まずは日経新聞電子版をチェックします。記事の冒頭は、

政府は2日、単純労働を含む外国人労働者の受け入れを拡大する出入国管理法改正案を閣議決定した。

人手不足の分野で一定の技能を持つ人を対象に新たな在留資格「特定技能」を来年4月に創設する。

経済界の要望に応じ、これまで認めてこなかった単純労働受け入れにカジを切った。日本の入国管理政策の大きな転換で、政府与党は今国会での成立をめざす。

出典:入管法改正案を閣議決定 単純労働で外国人受け入れへ – 日本経済新聞(2018年11月2日配信)

とあります。ここでマークしたい言葉は「人手不足の分野で一定の技能を持つ人」「経済界の要望」「単純労働」の3つです。

人手不足で「猫の手も借りたい」から外国人労働者を受け入れる、それは経済界からの要望だから認めた…ということでしょう。

参議院選挙を控えているので、経済界の言うことは聞かざるを得ませんよね。

「人手不足が深刻で、今回の法改正は重要かつ急務…」。11月2日、閣議後の山下貴司法相記者会見での発言です。山下貴司氏法務大臣は、石破派唯一の入閣者で元検察官、当選3期での大抜擢人事です。

この外国人労働者受け入れと「移民政策」との違いが議論されそうですが、日本では「移民」に対する強いアレルギーがあり、野党のみならず与党内からも、この政策に対して慎重な意見が飛び出しているようです。政府は与党内の慎重論に配慮し、施行3年後に制度を見直すとしています。

まずは言葉の整理から「移民」について考えていきましょう。

「移民」とは何か

国連ホームページには、「移民」と「難民」についての定義が書かれています。国際連合広報センターのページには、「移民」の説明を、

国際移民の正式な法的定義はありませんが、多くの専門家は、移住の理由や法的地位に関係なく、定住国を変更した人々を国際移民とみなすことに同意しています。

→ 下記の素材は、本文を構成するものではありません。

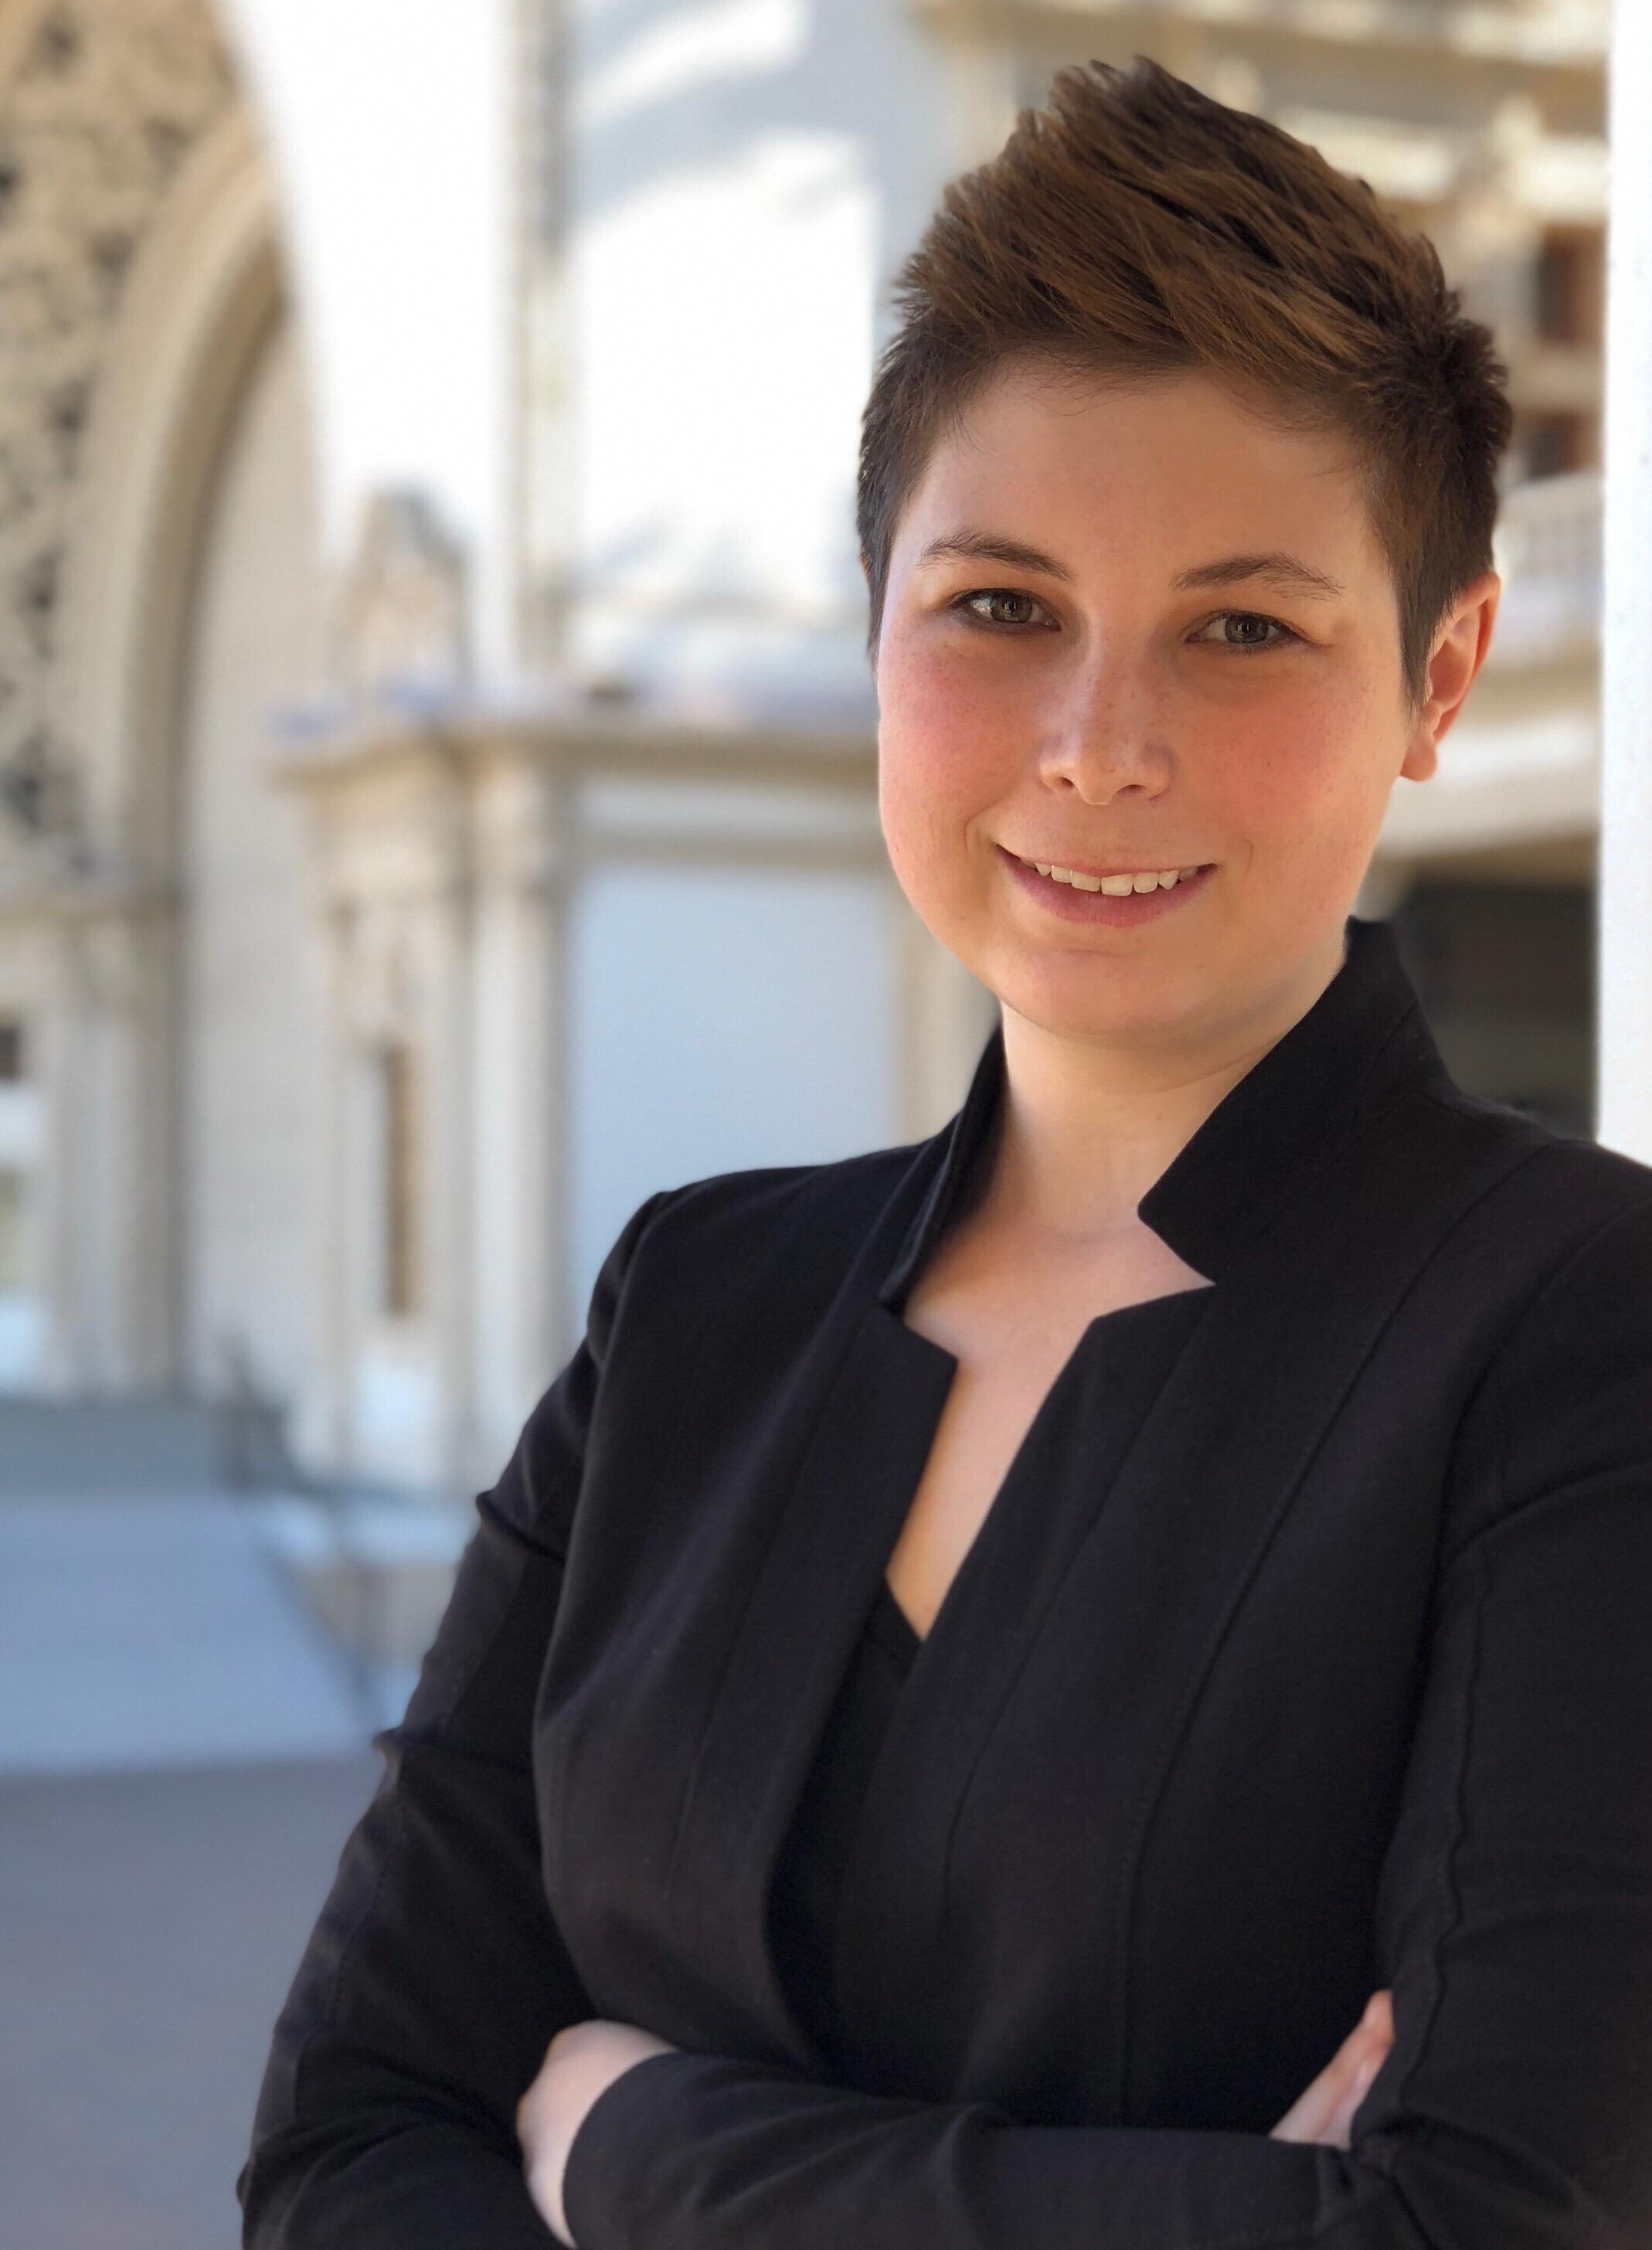 Rachel Gerstenfeld

3カ月から12カ月間の移動を短期的または一時的移住、1年以上にわたる居住国の変更を長期的または恒久移住と呼んで区別するのが一般的です。

出典:難民と移民の定義 – 国連広報センター

とあります。この定義から考えると、今回の日本での外国人労働者は1年以上日本に在住することになりますので、単純に「移民」と理解できると思われます。

根強い日本の「移民アレルギー」

まさに「移民」という言葉のアレルギーへの配慮が、表現等をややこしくしているのでしょう。

日本人の労働機会が奪われる…。
治安が悪くなる…。

移民アレルギーの背景には、これらの懸念があることが考えられます。

移民受け入れに関しては今までも議論はされてはいました。少子化が進む日本にとっては避けては通れない問題なのですが、それでもずっと移民を拒んできた経緯が日本にはあります。

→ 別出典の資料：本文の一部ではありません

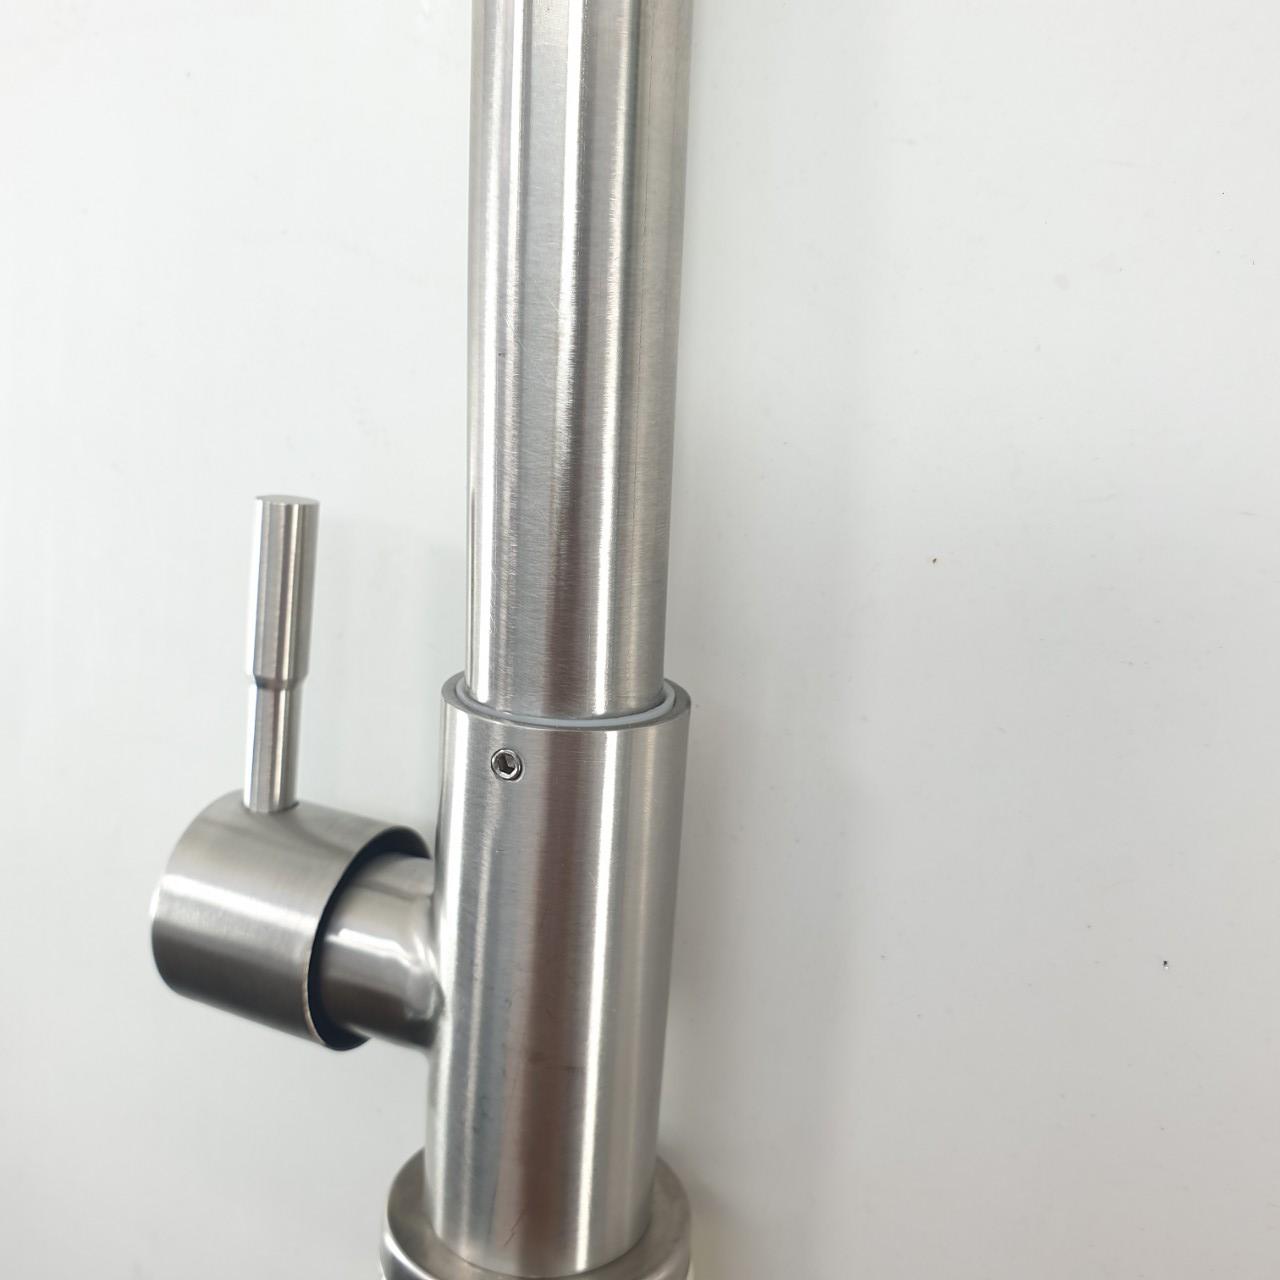 Vòi Rửa Chén Bát Lạnh phi 24mm inox SUS 304 HIẾU CHÂU A865, xước mờ ống cong lớn

選挙のために、増税と移民問題と社会保障削減は封印されてきたわけです。

経済成長に「労働力増加」は必須

米国は移民政策をやめたことがあり、そのことで経済が疲弊した経験から、移民政策をずっと「国是」としてきました。しかしトランプ政権になって、移民政策を見直す動きが出てきました。

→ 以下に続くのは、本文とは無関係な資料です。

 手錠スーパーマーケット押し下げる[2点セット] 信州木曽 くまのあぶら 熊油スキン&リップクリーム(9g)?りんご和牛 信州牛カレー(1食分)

経済成長には労働力増加は必須で、常に労働力確保が欠かせないにも拘らず、リーマン・ショックで経済規模が縮小傾向にあり、自国民の労働機会を奪われることのほうがクローズアップされてきました。

それだけリーマン・ショックという出来事は、世の中の価値観を変える大きな出来事だったのですね。

景気悪化で生活困窮が蔓延している社会情勢下でもてはやされるのが「ポピュリズム」、つまりは大衆迎合主義です。まさに今のトランプ政権は、ポピュリズムの最たるものと言えそうです。

前述の通り選挙に勝てばいいわけですから、集票にはポピュリズム政策が手っ取り早いですからね。